━━━━━ GIVEN MATERIAL

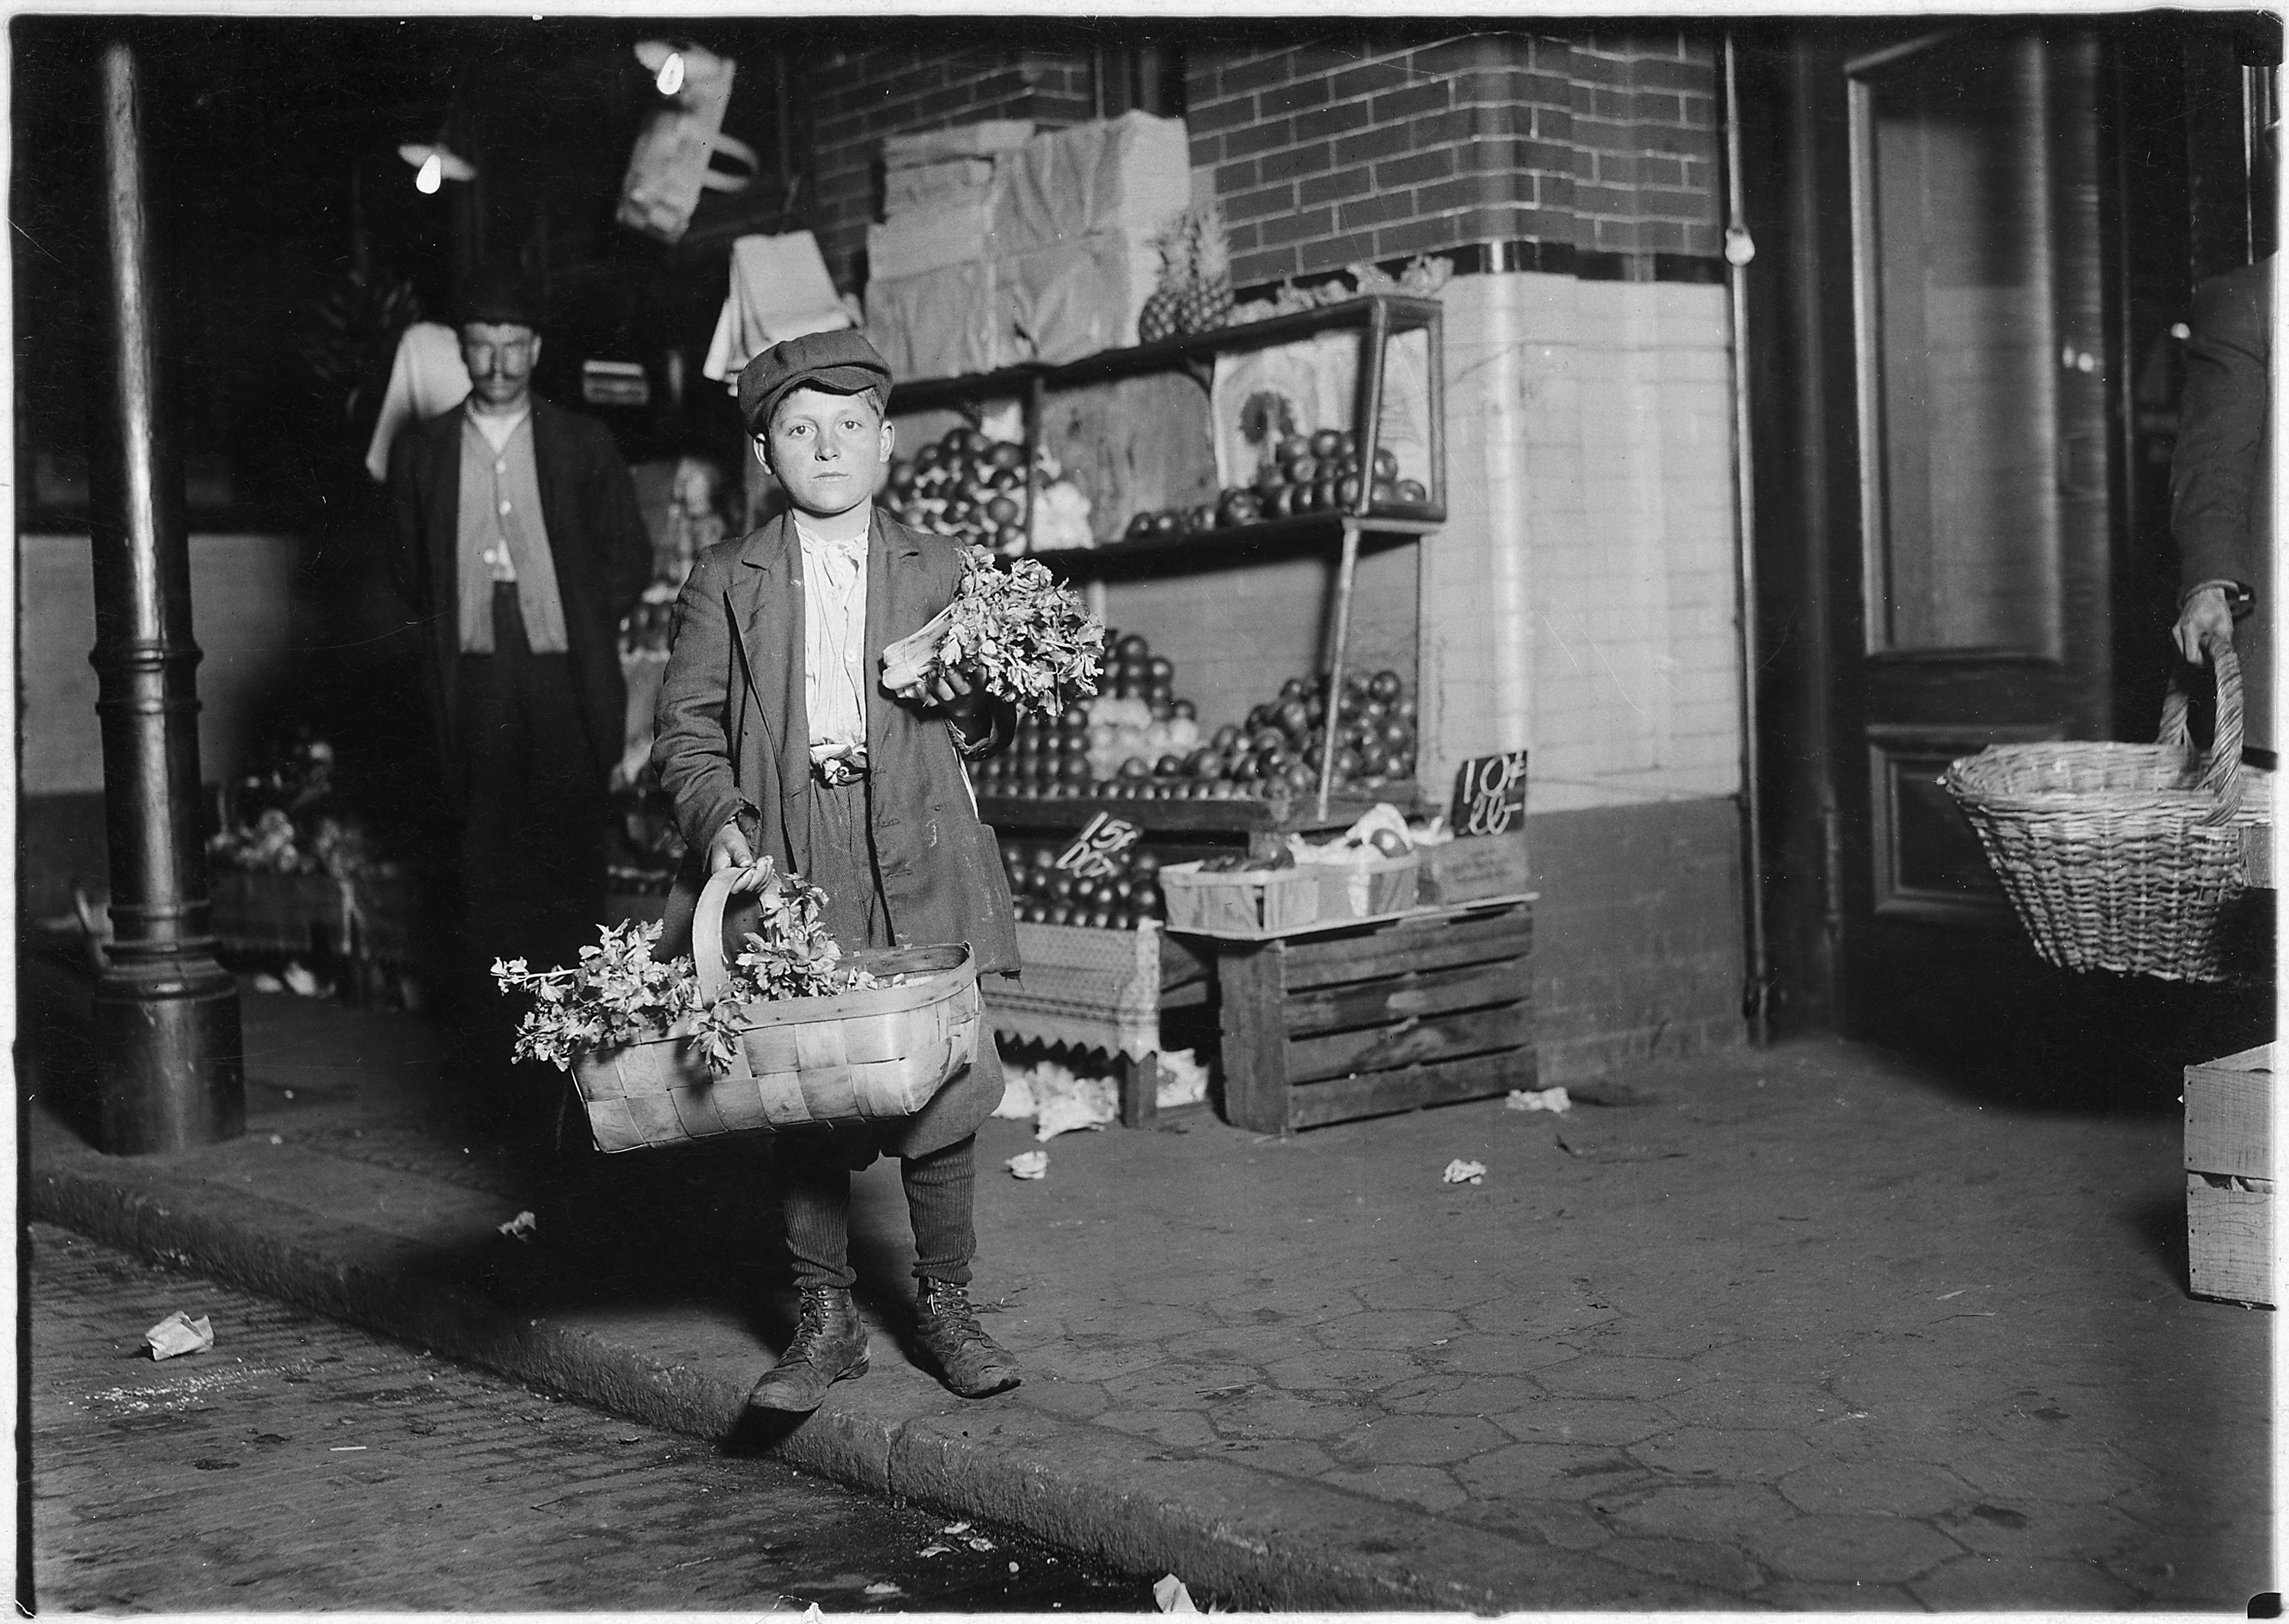 At center market. 11 year old celery vender. He sold until 11 P.M. and was out again Sunday morning selling papers... - NARA - 523535
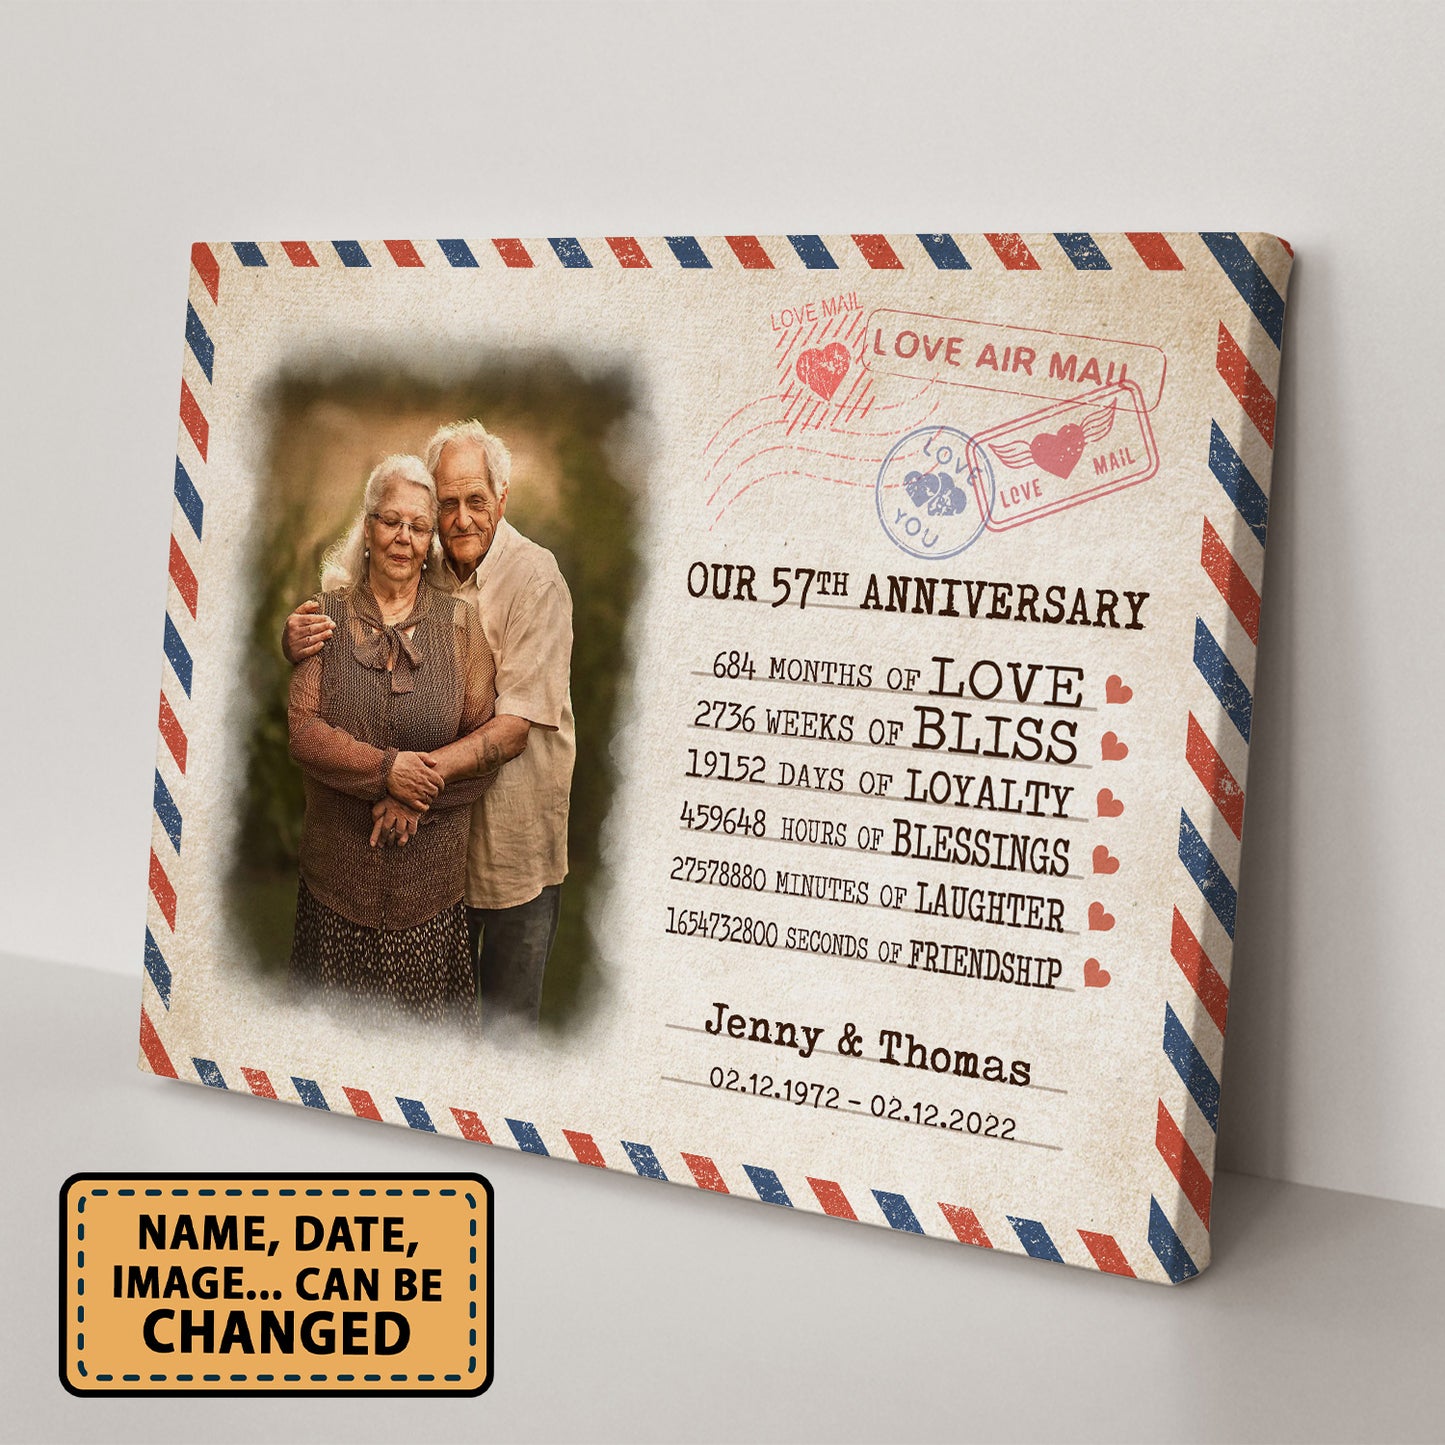 Our 57th Anniversary Letter Valentine Gift Personalized Canvas
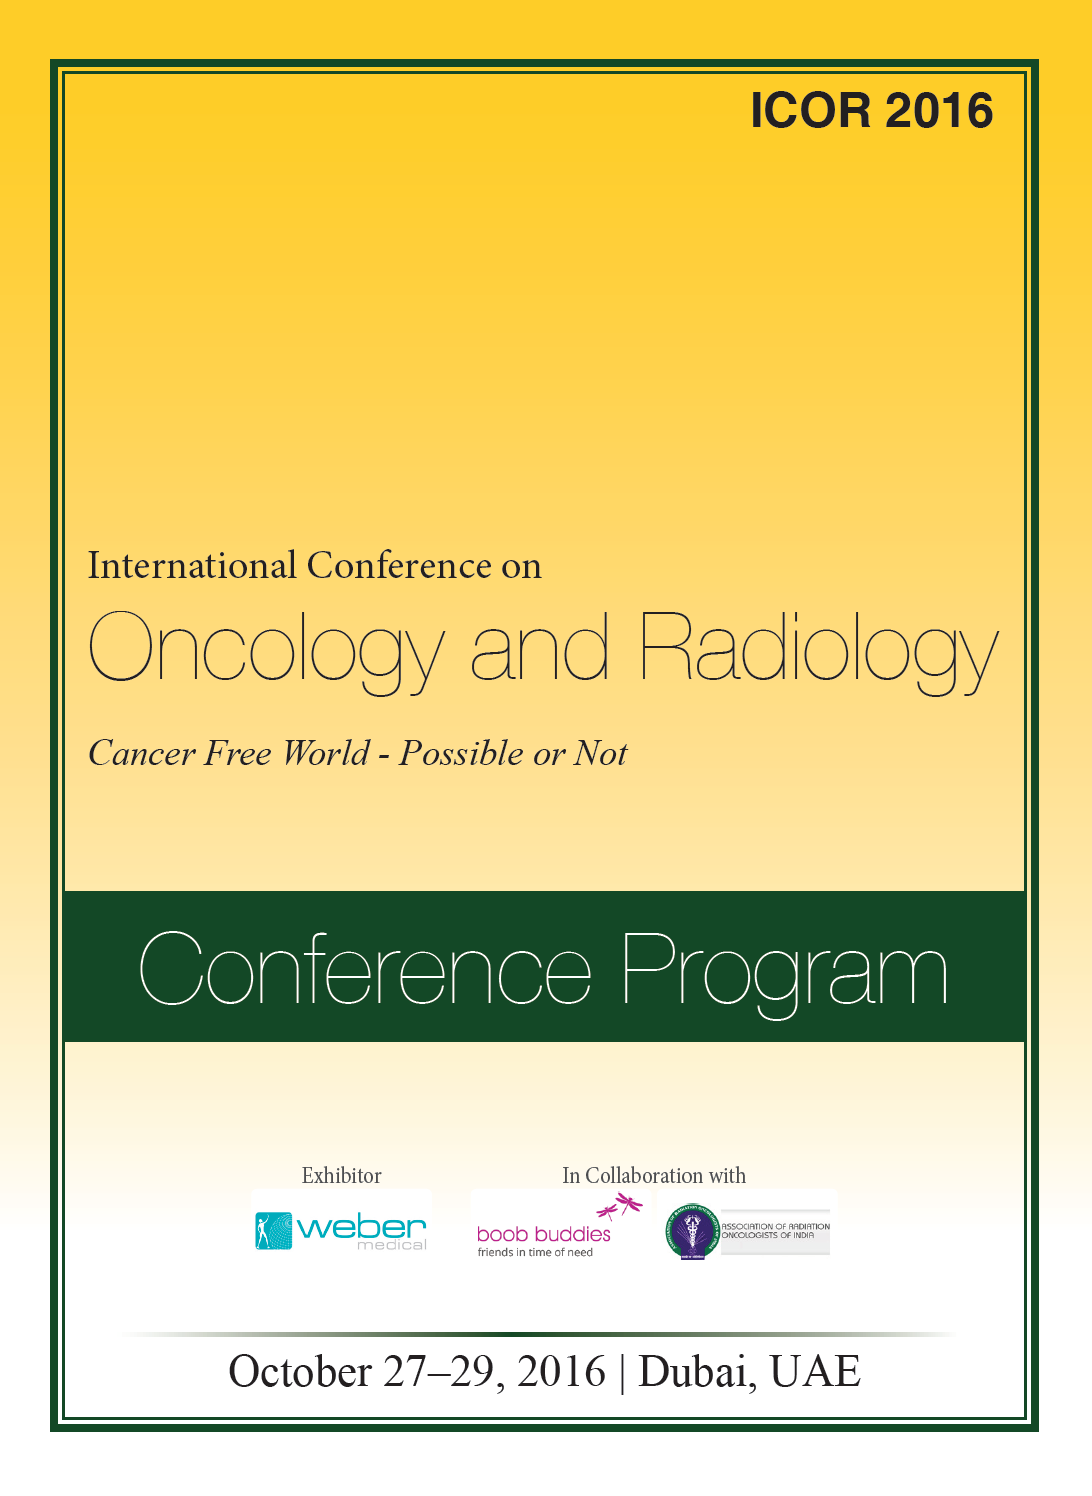 International Conference on Oncology and Radiology  Program

━━━━━━━━━━

* **WORK TO COMPLETE**
Everything in the material except the pictures should be restated word for word.

* **WORKED SOLUTION**
 At center market. 11 year old celery vender. He sold until 11 P.M. and was out again Sunday morning selling papers... - NARA - 523535
 Our 57th Anniversary Letter Valentine Gift Personalized Canvas
 International Conference on Oncology and Radiology  Program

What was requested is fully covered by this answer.